The NIF catalog, a human curated registry of known resources, currently includes more than 3500 such resources, and new ones are added daily. Over 2,000 of these resources are databases that range in size from hundreds to millions of records. Many were created at considerable effort and expense, yet most of them remain underutilized by the research community.
Clearly, it is inefficient for individual researchers to sequentially visit and explore thousands of databases, and conventional online search engines are inadequate, insofar as they do not effectively index or search database content. To promote discovery and use of on-line databases, the NIF created a portal through which users can search not only the NIF registry, but the content of multiple databases simultaneously. The current NIF federation includes more than 65 databases accessing ~30 million records (35) in major domains of relevance to neuroscience (Fig. 2). Besides very large genomic collections, there are nearly 1 million antibody records; 23,000 brain connectivity records; and >50,000 brain activation coordinates. Many of these areas are covered by multiple databases, which NIF knits together into a coherent view. While impressive, this represents only the tip of the iceberg. Most individual databases are underpopulated because of insufficient community contributions. Entire domains of neuroscience (e.g. electrophysiology, behavior) are underrepresented compared to genomics and neuroanatomy.

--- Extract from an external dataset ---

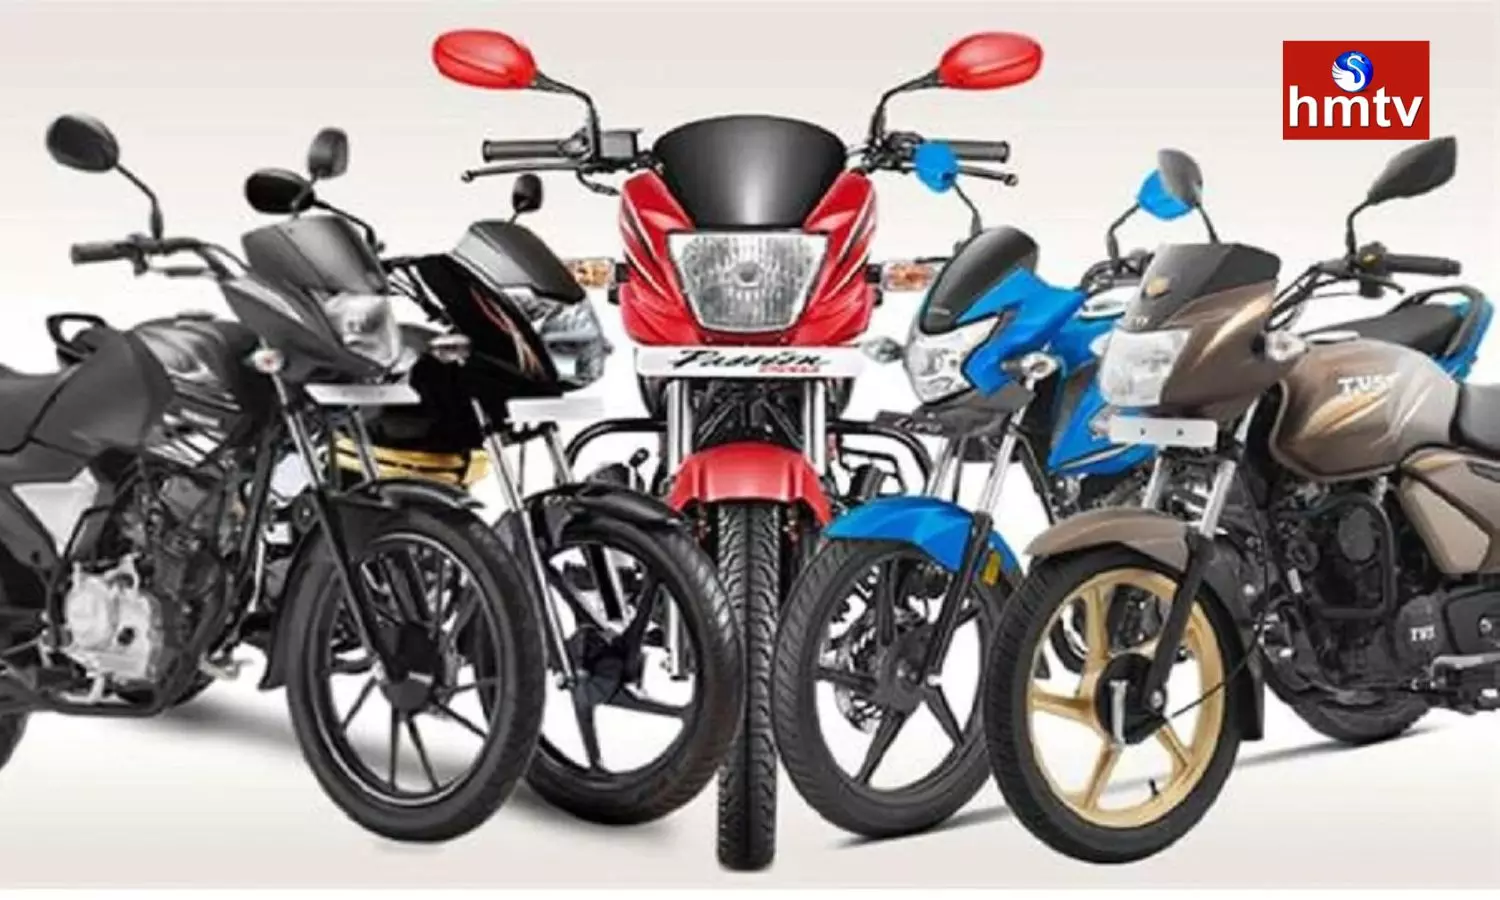 More Than 70 km Mileage With Best Features Check These Top 10 Bikes in India

Ideally, NIF users should be able not only to locate answers that are known, but to mine available data in ways that spur new hypotheses regarding what is not known. Perhaps the single biggest roadblock to this higher order data mining is the lack of standardized frameworks for organizing neuroscience data. Individual investigators often use terminology or spatial coordinate systems customized for their own particular analysis approaches. This customization is a significant barrier to data integration, requiring considerable human effort to access each resource, understand the context and content of the data, and determine the conditions under which they can be compared to other datasets of interest.
To address the terminology problem, NIF has assembled an expansive lexicon and ontology covering the broad domains of neuroscience by synthesizing open access community ontologies (36). The Neurolex and accompanying NIFSTD ontologies provide definitions of over 50,000 concepts using formal languages to represent brain regions, cells, subcellular structures, molecules, diseases and functions, and the relations among them. When users search for a concept through NIF, it automatically expands the query to include all synonymous or closely related terms. For example, a query for “striatum” will include “neostriatum, dorsal striatum, caudoputamen, caudate putamen” and other variants.
Neurolex terms are accessible through a wiki (37) that allows users to view, augment and modify these concepts. The goal is to provide clear definitions of each concept that can be utilized not only by humans but by automated agents, such as NIF, to navigate the complexities of human neuroscience knowledge. A key feature is the assignment of a unique resource identifier to make it easier for search algorithms to distinguish among concepts that share the same label. For example, nucleus (part of cell) and nucleus (part of brain) are distinguished by unique ID’s. Using these identifiers in addition to natural language to reference concepts in databases and publications, while conceptually simple, is an especially powerful means for making data maximally discoverable and useful.
These efforts to develop and deploy a semantic framework for neuroscience, spearheaded by NIF and by the International Neuroinformatics Coordinating Facility (38) are complemented by projects related to brain atlases and spatial frameworks (39–41) providing tools for referencing data to a standard coordinate system based on brain anatomy of a given organism.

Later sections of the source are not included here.